The financial hope for Team America, which will not gross its production cost domestically, is not just home entertainment, which will surely take the movie into the black, but international, where hating America is sport that may inspire box office returns. (No doubt, Matt Stone’s French auteurist satire Le Petit Package should have been attached to the front of the domestic release of Team America... a movie Fox Searchlight would make in Weekend Four.)
Shall We Dance also came stumbling out of the blocks, though they’re probably feeling pretty good about the per-screen average. The film the release seems to be built around is The Notebook, the summer surprise that opened to $13.5 million and held on, primarily thanks to women, young and old, to crack a breathtaking $80 million.
I doubt that Shall We Dance will have that kind of staying power. Firstly, the movie is not as good, within the genre, as The Notebook. Secondly, competition is not far away. Thanks to Paramount, Alfie is two weekends away now. But after that, there is Bridget Jones: Edge of Sanity and then, A Very Long Engagement. There were really no alternatives to The Notebook this summer.
And don’t think that New Line didn’t learn the lesson of valuing key-demo space. They moved the Joan Allen – Kevin Costner film The Upside of Anger into the spring a couple of weeks ago, realizing that they could market the film to their Notebook audience, but not in the middle of awards season insanity.
Meanwhile, no one seems to be talking about two formula films that are each going to gross more than $65 million domestically, one of them probably over $70 million… The Forgotten and Ladder 49.
Why aren’t pundits talking about these two hits? Well, The Forgotten is from Revolution Studios, released by Sony and is likely to be among the five most profitable films released by Revolution over the three years since the film started delivering movies. But Revolution is expected to be, at best, reconfigured when their deal with Sony comes up for renewal next year and has been seen as a kind of dead man walking since Claudia Eller’s wea culpa piece in the L.A. Times a few months back… and Terry Curtin’s exit ain’t exactly a shot of encouragement. So the good news goes silently into that good night, sucked into the ether like Alfre Woodard through a roof.

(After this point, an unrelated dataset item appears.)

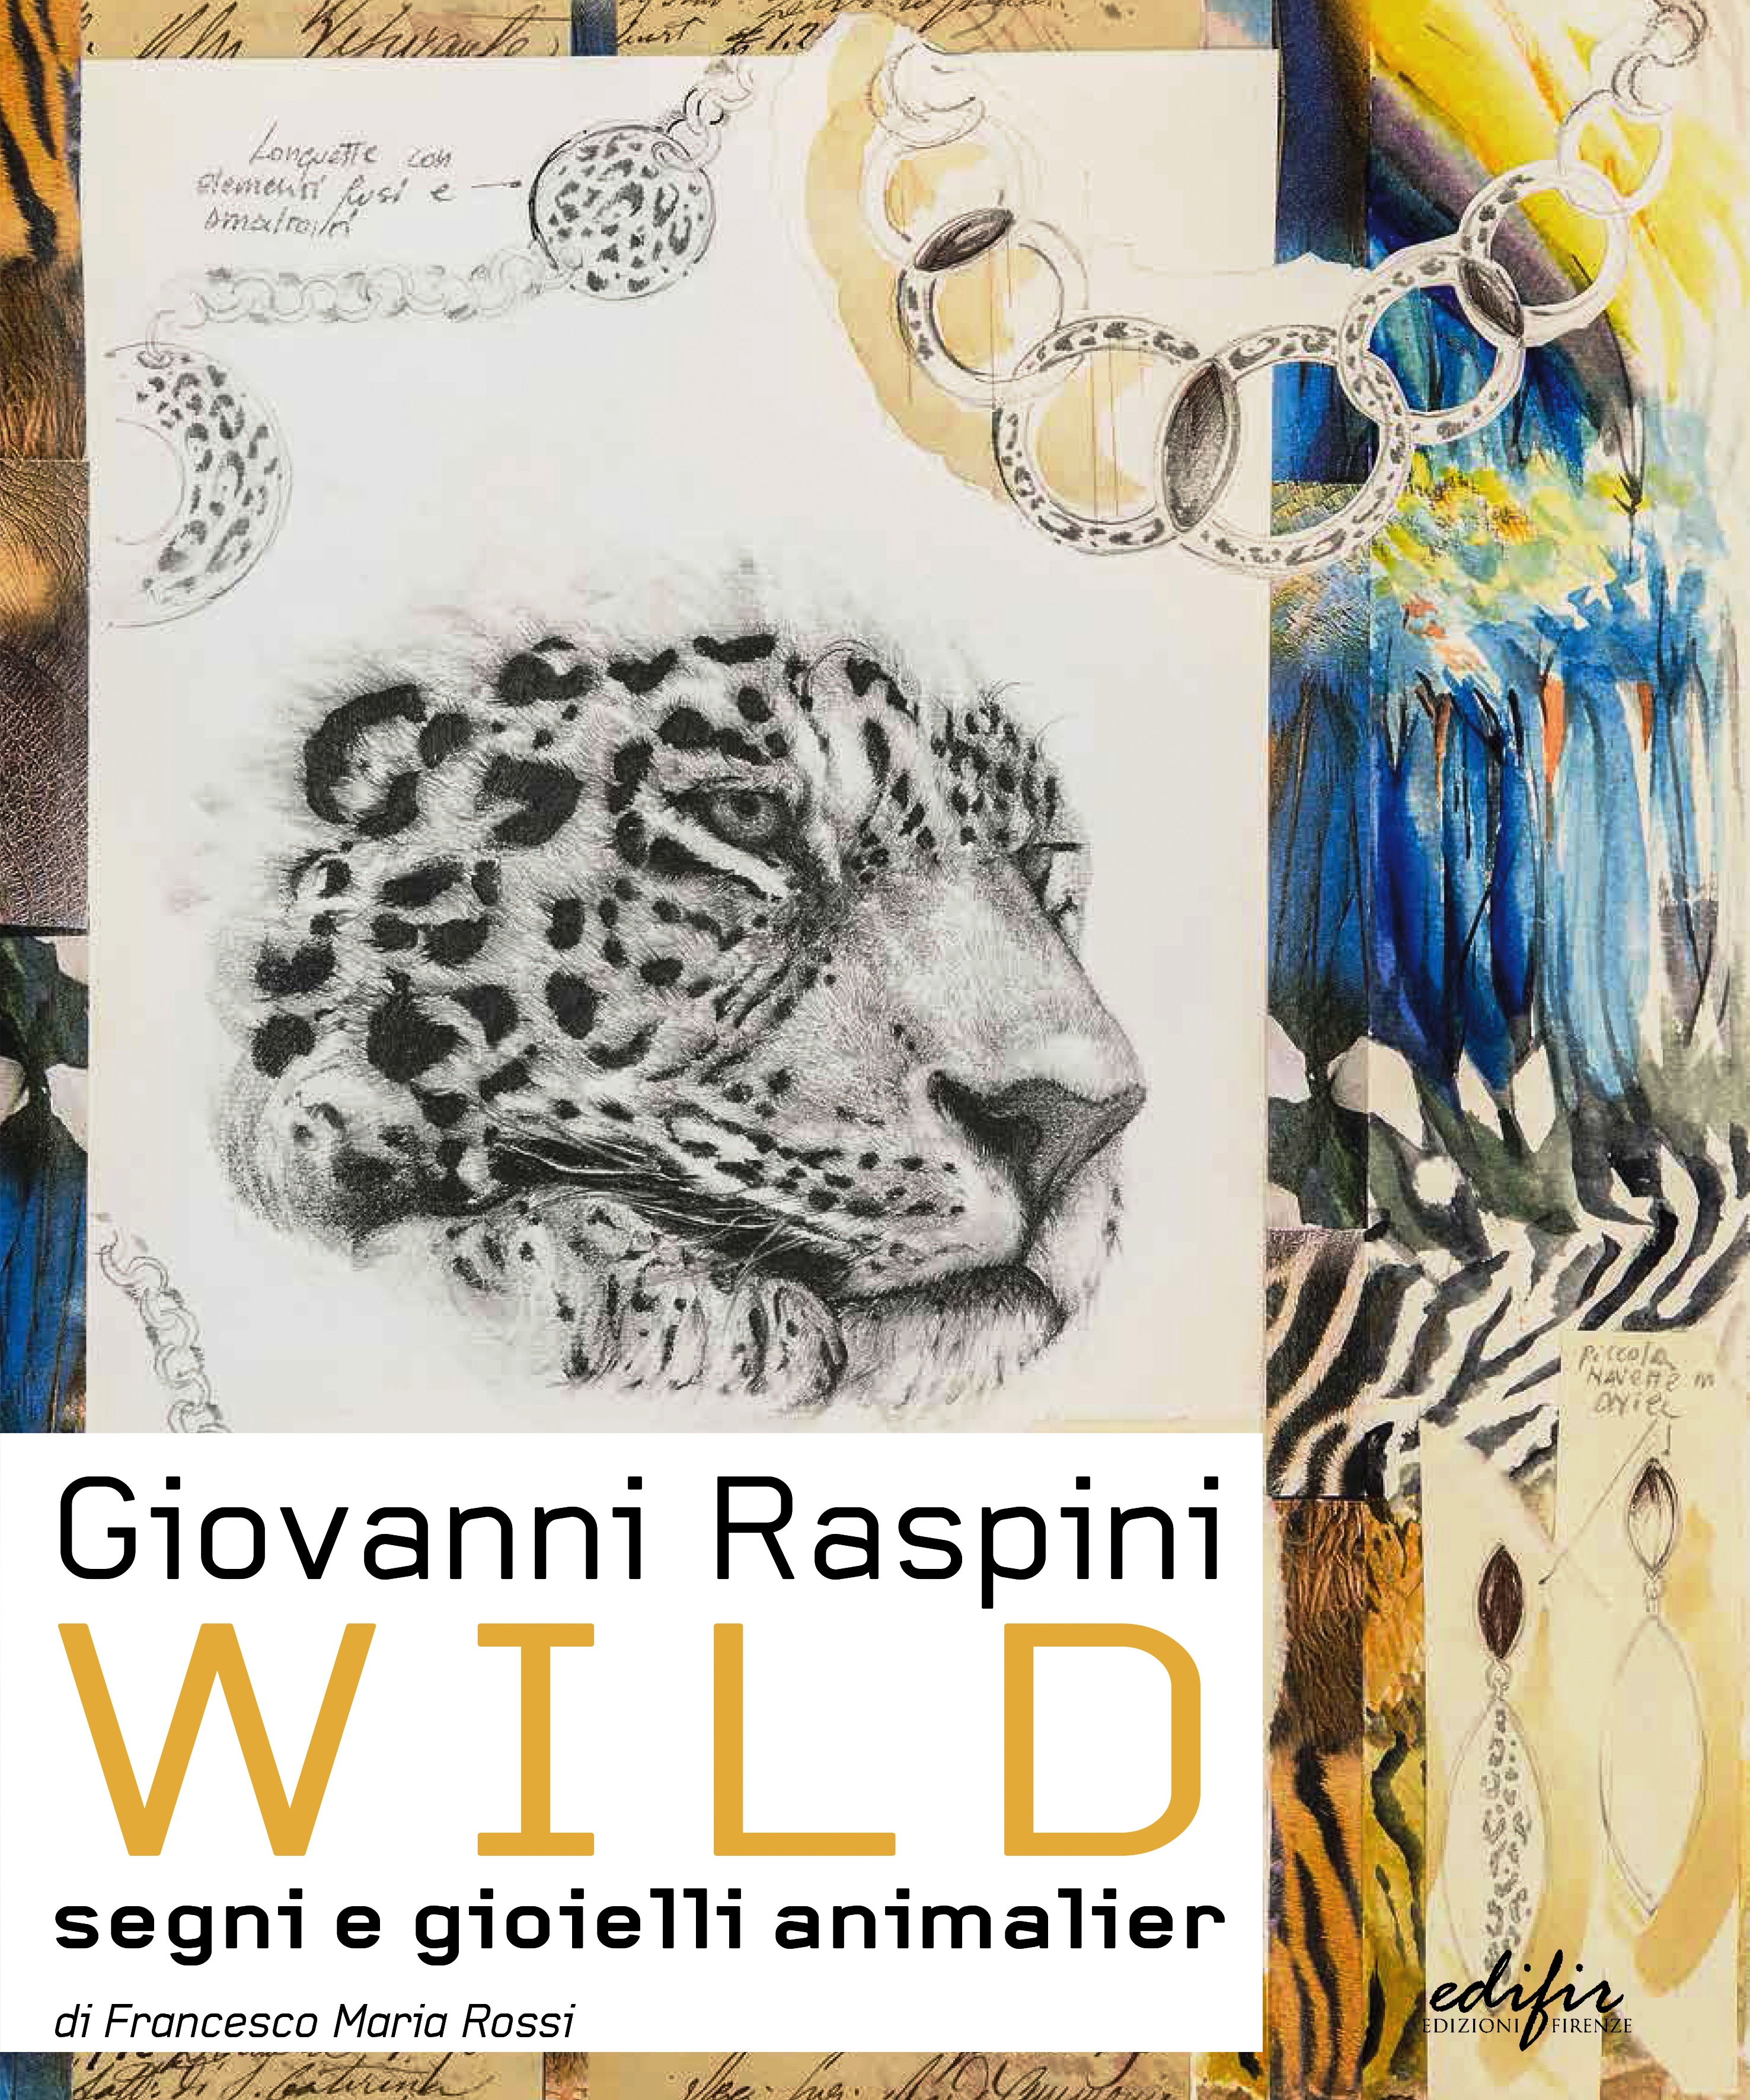 Giovanni Raspini Wild

And Disney’s Touchstone division… woe is anyone who writes a nice word about it. Ladder 49’s box office is running just a few hundred thousand behind the beloved (and aforementioned) School of Rock, both after three weekends. It will certainly outgross Kill Bill, Volume 1. It was also more expensive than either film (once Bill was hair split), so there is that. But still, it is sure to be the second, third or fourth highest grossing movie in the “fall” season (now just September/October, as the entirety of November has become a heavy hitting “holiday” season). The fact that no one is acknowledging it tells you just how “it’s about what we like” the media has become and gives a good excuse, horrifyingly, to studios wishing to diminish the media’s roll in the lives of their films.
Finally, Napoleon Dynamite passed $40 million this weekend. Awesome! Huge kudos are deserved. And now, they have to bring Sideways, still the best American film seen this year, home to similar box office and into the awards season blazing.